Ce fut comme se contempler dans un miroir avec vingt années de plus. Alfred ouvrit la bouche et la ferma sans succès. Puis il parvint à articuler :
- Papa ? Comment ça se fait...
- Tu es aux urgences, tout comme moi ! répondit l'homme à demi enveloppé de plâtre qui reposait dans le lit voisin. On m'a dit que des joggeurs t'avaient trouvé inconscient sur la plage d'Algatia. Selon les rapports, le sous-marin dans lequel tu te trouvais a été complètement détruit, il n'en reste que des débris. C'est miraculeux que tu en aies réchappé.
- Et les hommes qui m'accompagnaient ? demanda Alfred en sentant un nœud serrer sa gorge.
En voyant son père hocher sombrement la tête, il éprouva une peine indicible pour ces malheureux qui avaient accepté de faire le voyage avec lui.

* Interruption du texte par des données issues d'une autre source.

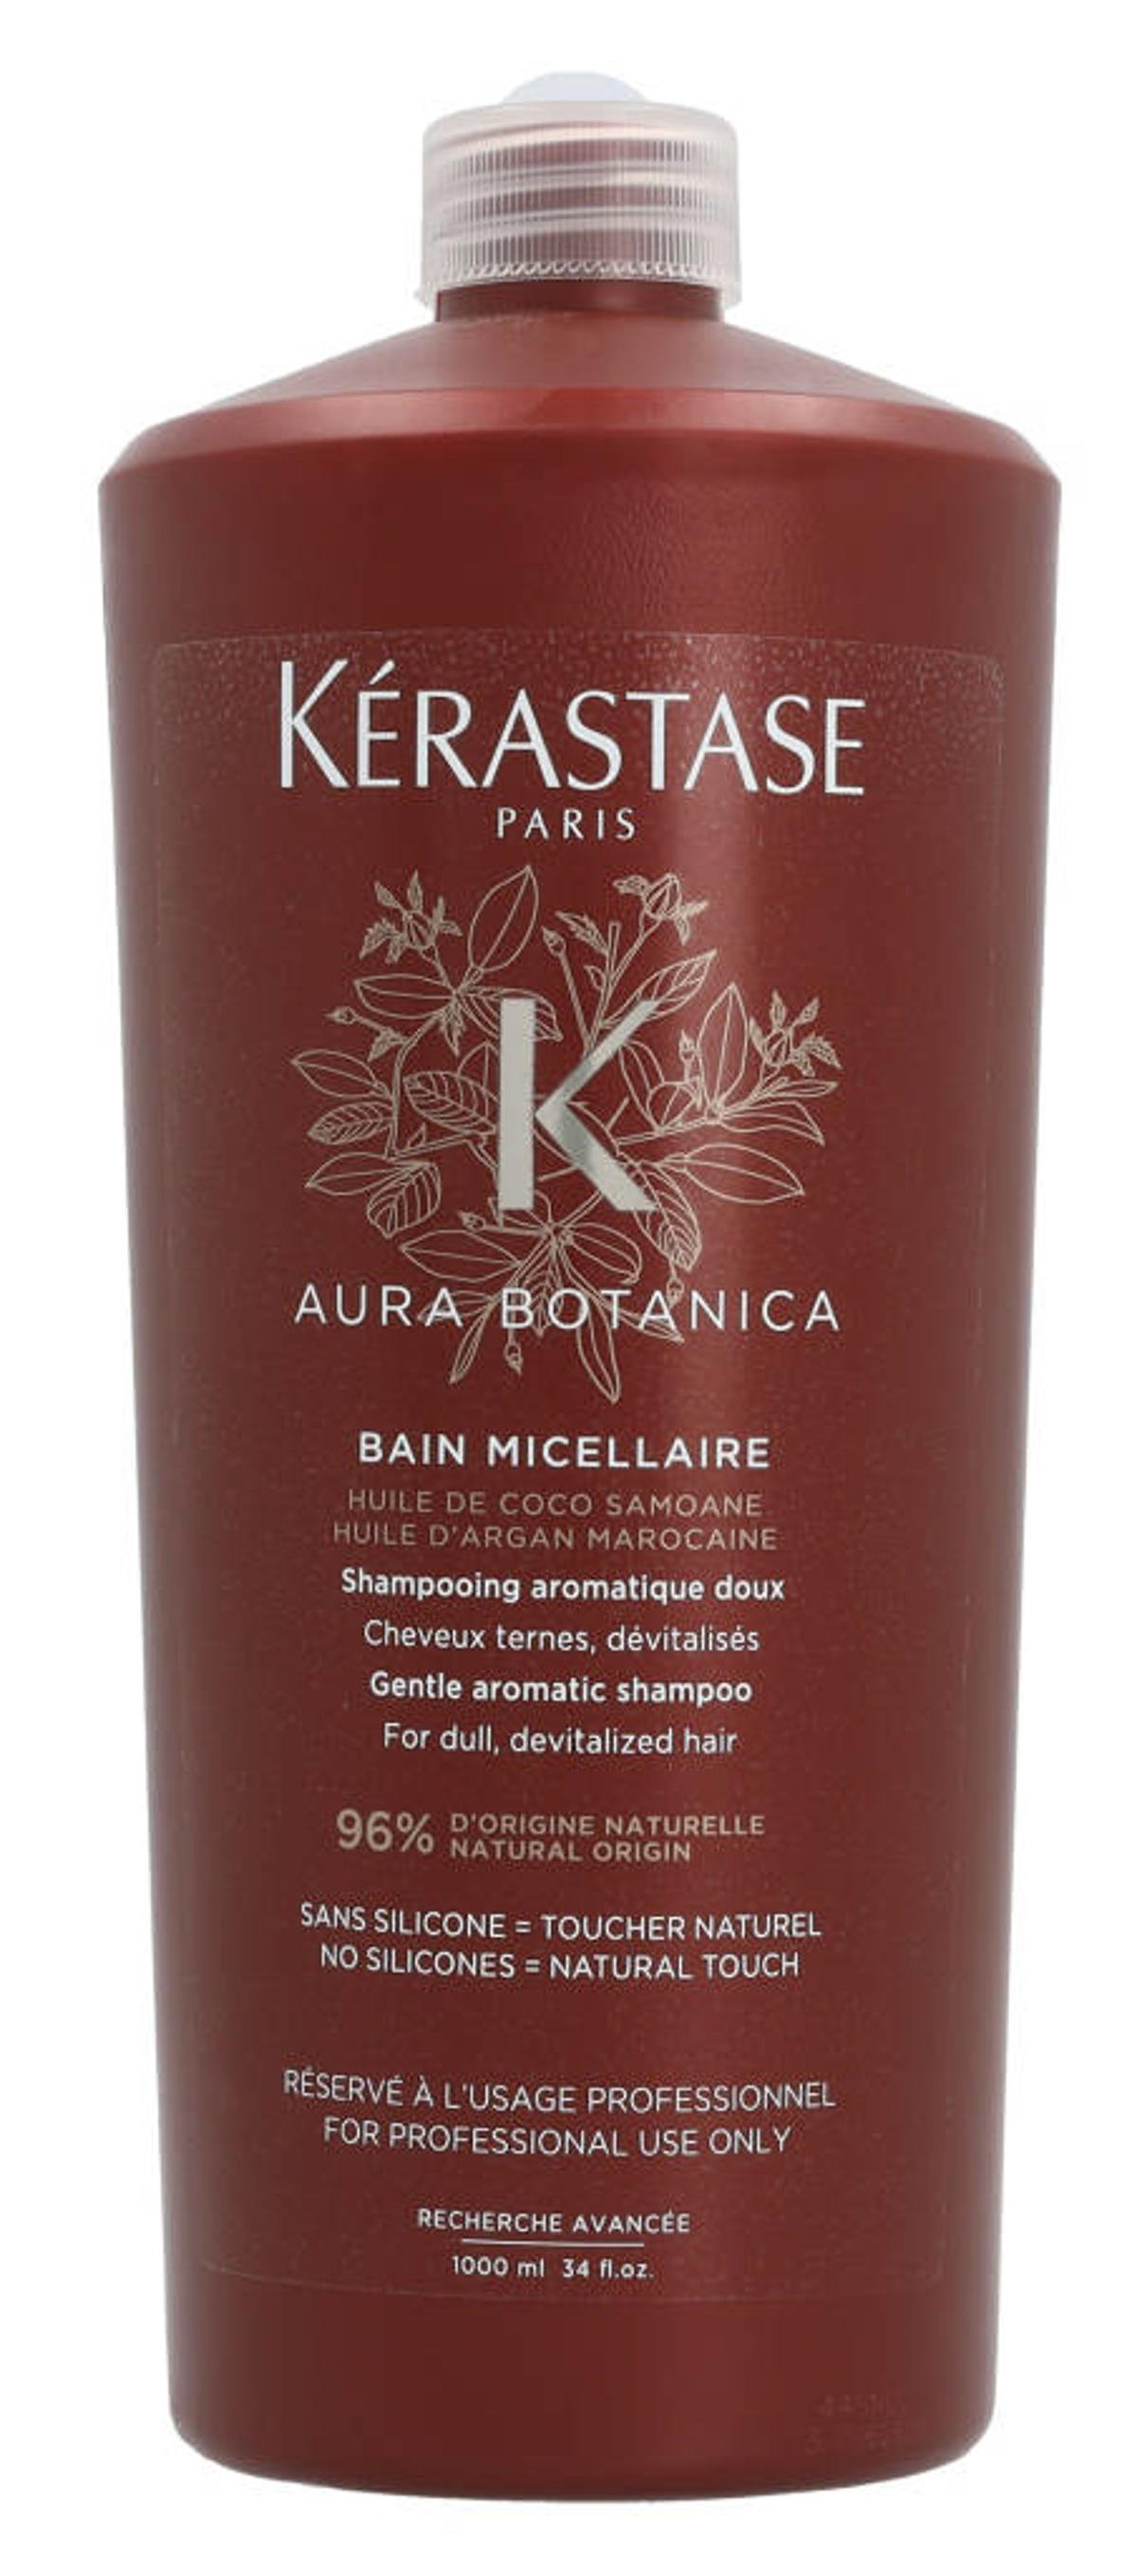 Aura Botanica Bain Micellaire shampoo - 1000 ml | wehkamp
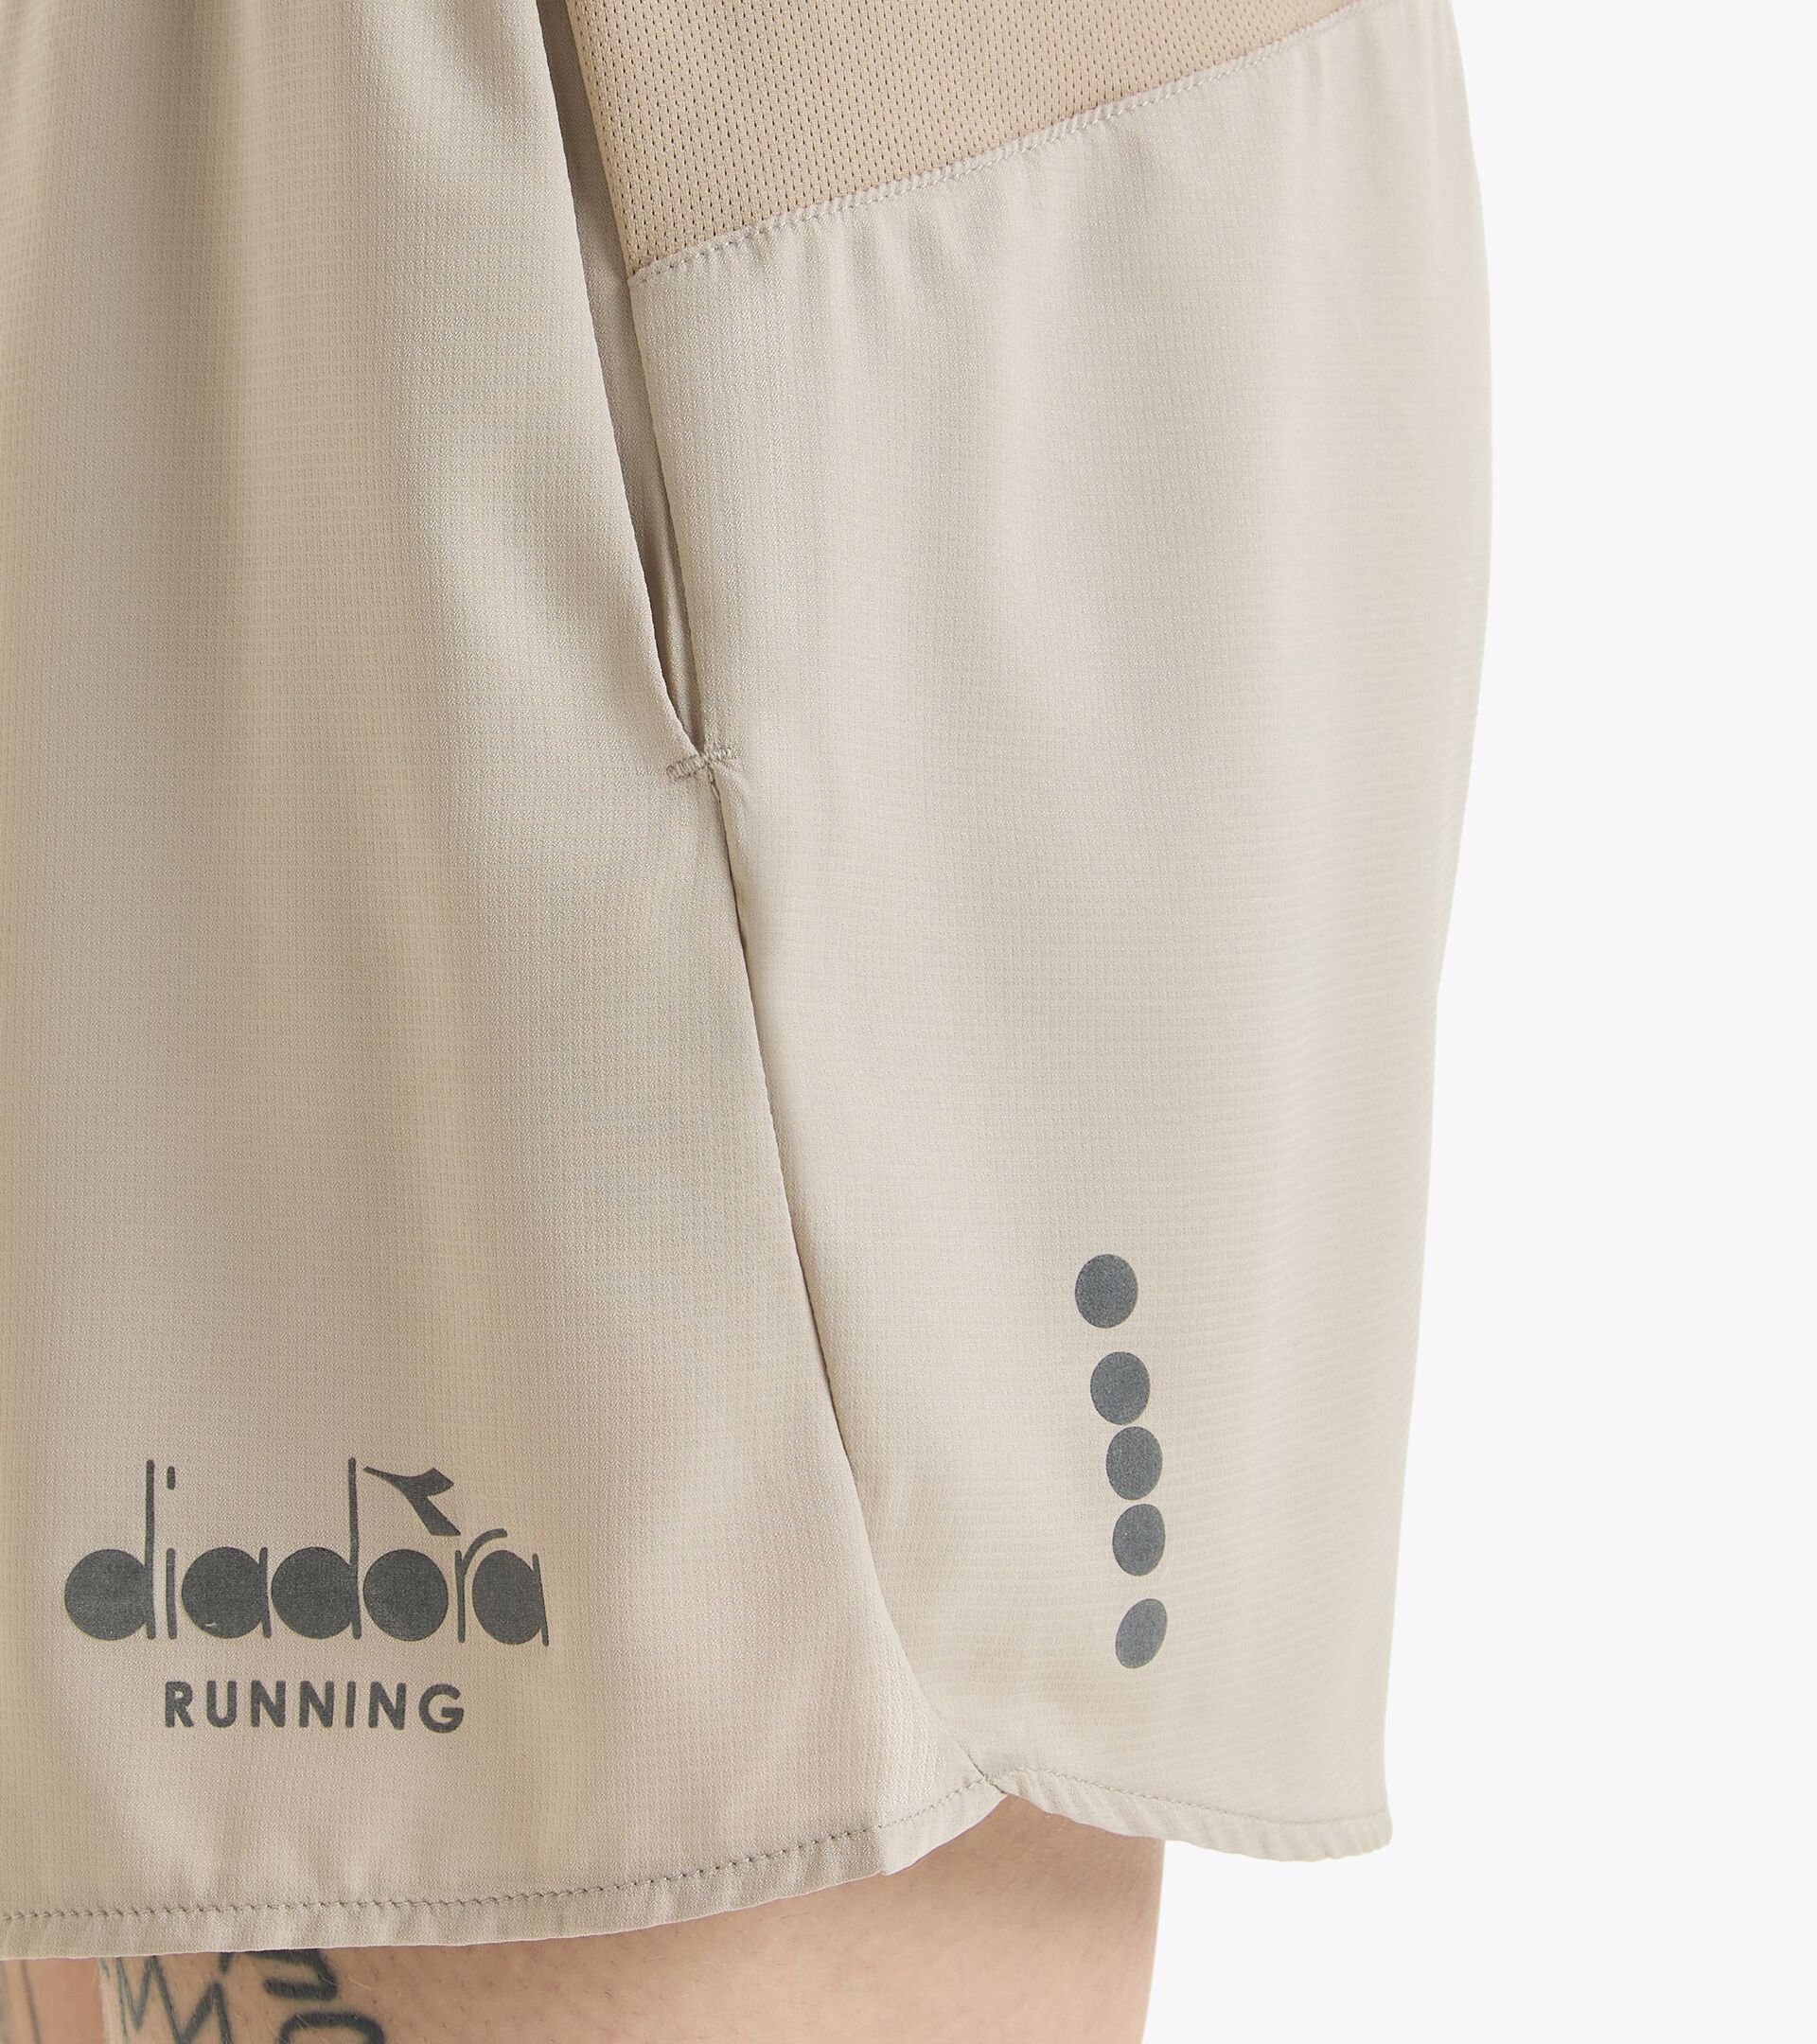 5’’ running shorts - Light fabric - Men’s SHORTS 5'' MILL CITY HUMUS - Diadora

- Aucun n'a survécu. Tu es le plus chanceux de tous.
Un lourd silence tomba entre eux, seulement ponctué par le bip sonore des cardio-fréquenceurs. Au bout d'un long instant de réflexion, le père d'Alfred demanda avec un enthousiasme presque déplacé :
- Alors, toi aussi, il t'a envoyé paître ? Est-ce que tu l'as vu ?
- Oui papa, déclara Alfred sans dissimuler son euphorie soudaine. Je l'ai vu. C'est comme si j'avais contemplé le monde dans son œil. C'était étrange et profond en même temps. Le pire, c'est que je crois que c'est lui qui m'a sauvé. Je ne vois pas d'autre explication. Peut-être que je remettrai ça une fois remis, qui sait...
- Tu serais bien fou de vouloir retenter l'exploit, remarqua son vis-à-vis. Mais dans ce cas, tu serais exactement comme ton cinglé de père, ajouta-t-il en gloussant.
En dépit des contrariétés, Alfred parvint à sourire. Il avait vu le divin, le père de la mer.